Moby Dick navigue ainsi rapidement entre la superstition, des codes qui nous sont inconnus — ceux des marins — et des propos dont on se demande s’ils sont prémonitoires ou de simples boniments. Quant à la baleine blanche, qui semble un mythe, on dit d’elle qu’en surface, elle ressemble à une grande pierre tombale.

John Huston choisit de faire prendre à son film plusieurs directions. Après cette mise en condition où il est question de prédestination, il nous offre une partie quasi documentaire sur la pêche d’un cachalot, avec des images cruelles et des jets de sang. On apprend ainsi que la seule raison de cette chasse est d’obtenir de l’huile. Quant à l’animal… « Nous jetâmes ses restes à l’eau, raconte la voix-off d’Ismael. Ses funérailles ne nous attristèrent pas. » Et le spectateur comprend encore mieux le combat de Paul Watson.
Huston reprend le fil de son récit, dans un huis clos maritime étouffant. Gregory Peck est-il l’acteur qui convenait pour incarner Achab ? Quand on pense au fringant reporter qu’il jouait trois ans plus tôt dans Vacances romaines, on se rend compte du boulot et de l’énergie du comédien pour rendre crédible un tel personnage. Peck, qui n’est pourtant pas bien épais, paraît ici massif, filmé en contre-plongée, et surtout déterminé à faire rendre grâce à son ennemi, aussi divin paraisse-t-il.

Reste, en 1956, la question des effets spéciaux. Il faut reconnaître que John Huston s’en sort très bien. Autant pour la tempête que pour les apparitions du cétacé, tout est crédible et les transparences et autres maquettes — souvent le fléau des films de cette époque — fonctionnent ici sans que ce soit gênant (comme les transparences peuvent l’être chez Hitchcock, par exemple).
Ce combat d’un humain contre un être surpuissant a laissé bien évidemment des traces dans le cinéma américain. Le Jaws de Spielberg lui doit certainement beaucoup mais, malin, le Steven fait du squale un animal maléfique qui tient plus du Diable que de Dieu. Exit la métaphysique. En 1977, Le Bison blanc de J. Lee Thompson reprend la symbolique de Moby Dick, en adaptant un roman de Richard Sale qui semble transposer Melville dans l’Ouest américain.

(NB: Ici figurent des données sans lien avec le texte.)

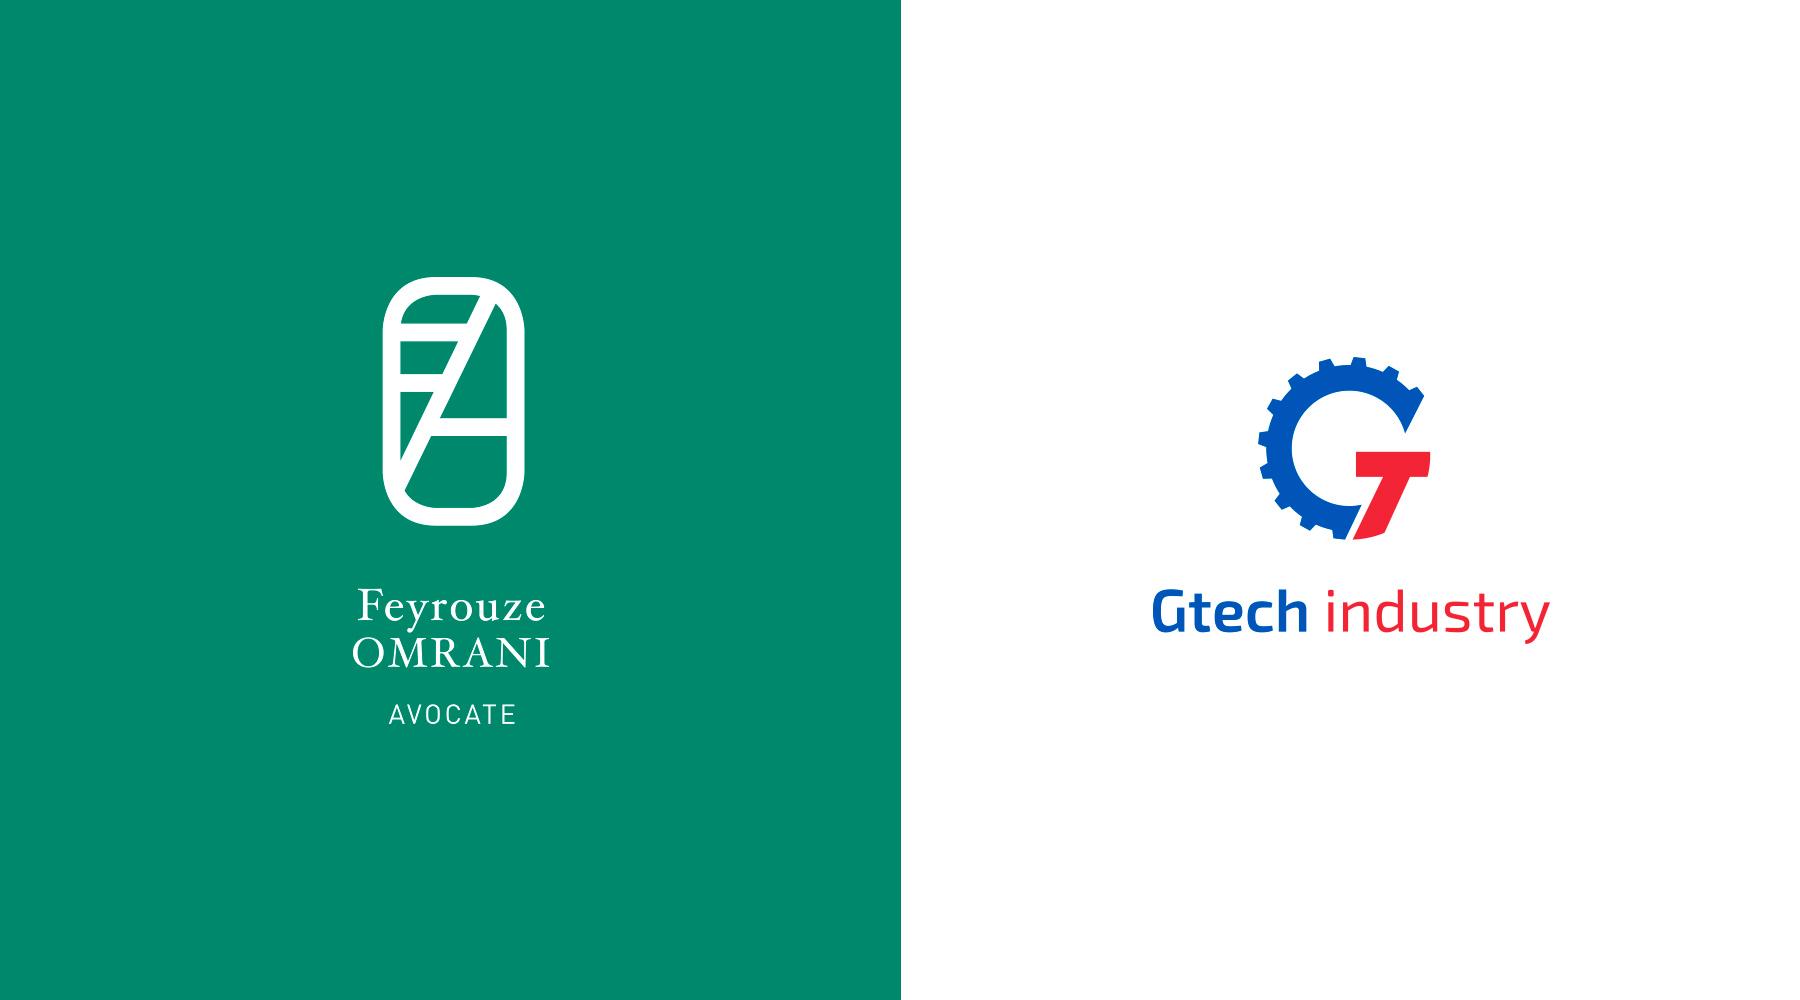 Logo Feyrouze Omrani, Logo Gtech industry.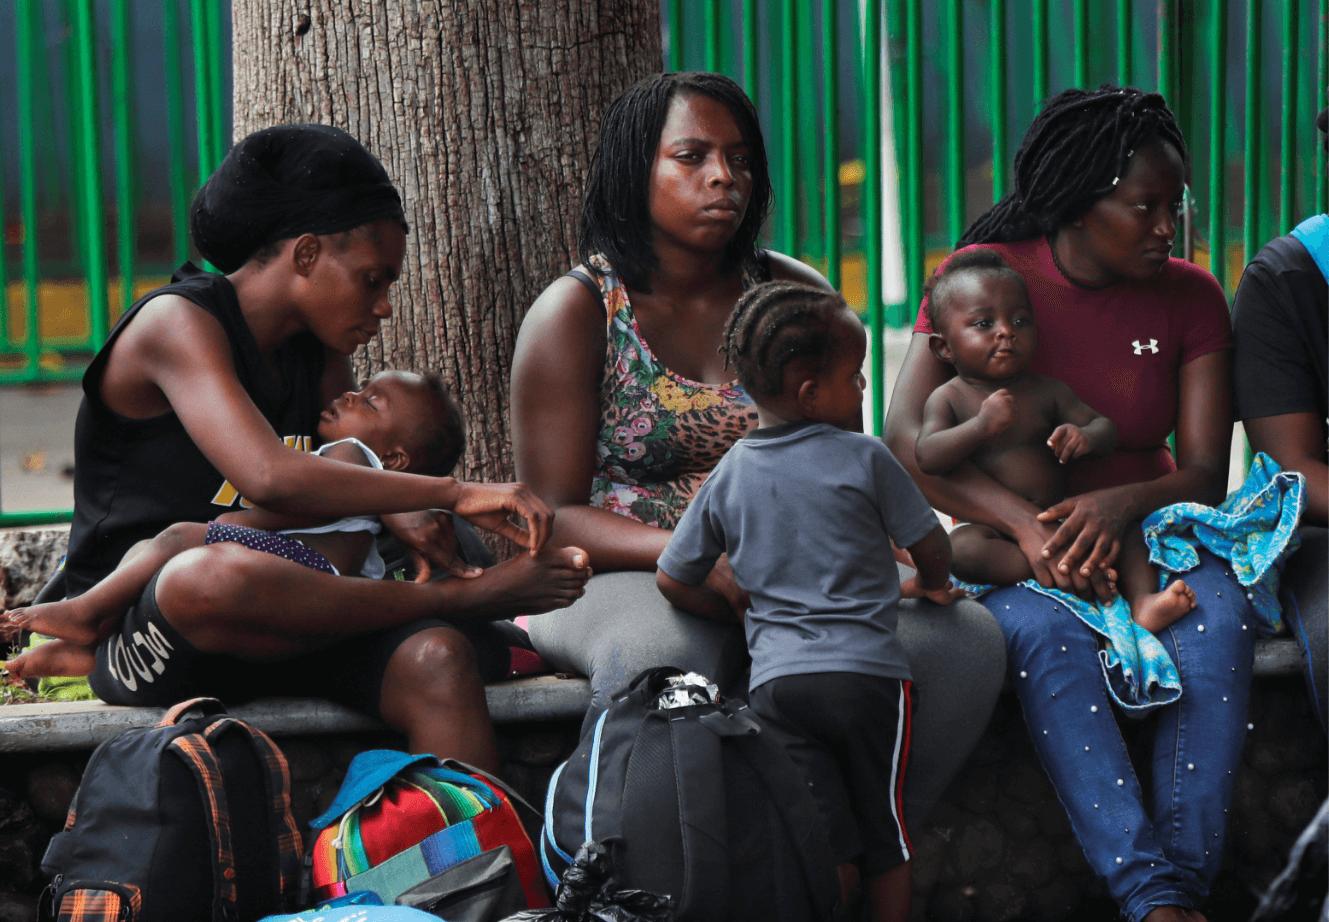 Foto: Migrantes haitianos en Tapachula, Chiapas, 3 de junio de 2019, México

Depuis 1956 et cette œuvre de John Huston, quelques films et téléfilms ont essayé de porter à l’écran ce récit fantastique. Il n’empêche que c’est Gregory Peck et ses compagnons — joués par de sacrées gueules de cinéma, outre ceux déjà cités : Harry Andrews, Leo Genn, Noel Purcell, Mervyn Johns — qui resteront ancrés dans nos mémoires.
Jean-Charles Lemeunier
Moby Dick
Année : 1956
Origine : États-Unis
Réal. : John Huston
Scén. : John Huston, Ray Bradbury d’après Herman Melville
Photo : Oswald Morris, Freddie Francis
Musique : Philip Sainton
Montage : Russell Lloyd
Durée : 115 min
Avec Gregory Peck, Richard Basehart, Leo Genn, Orson Welles, Harry Andrews, James Robertson Justice, Friedrich von Ledebur, Bernard Miles, Philip Stainton, Noel Purcell, Edric Connor, Mervyn Johns, Royal Dano, Francis De Wolff…
Sortie en DVD et Blu-ray par BQHL le 5 août 2025.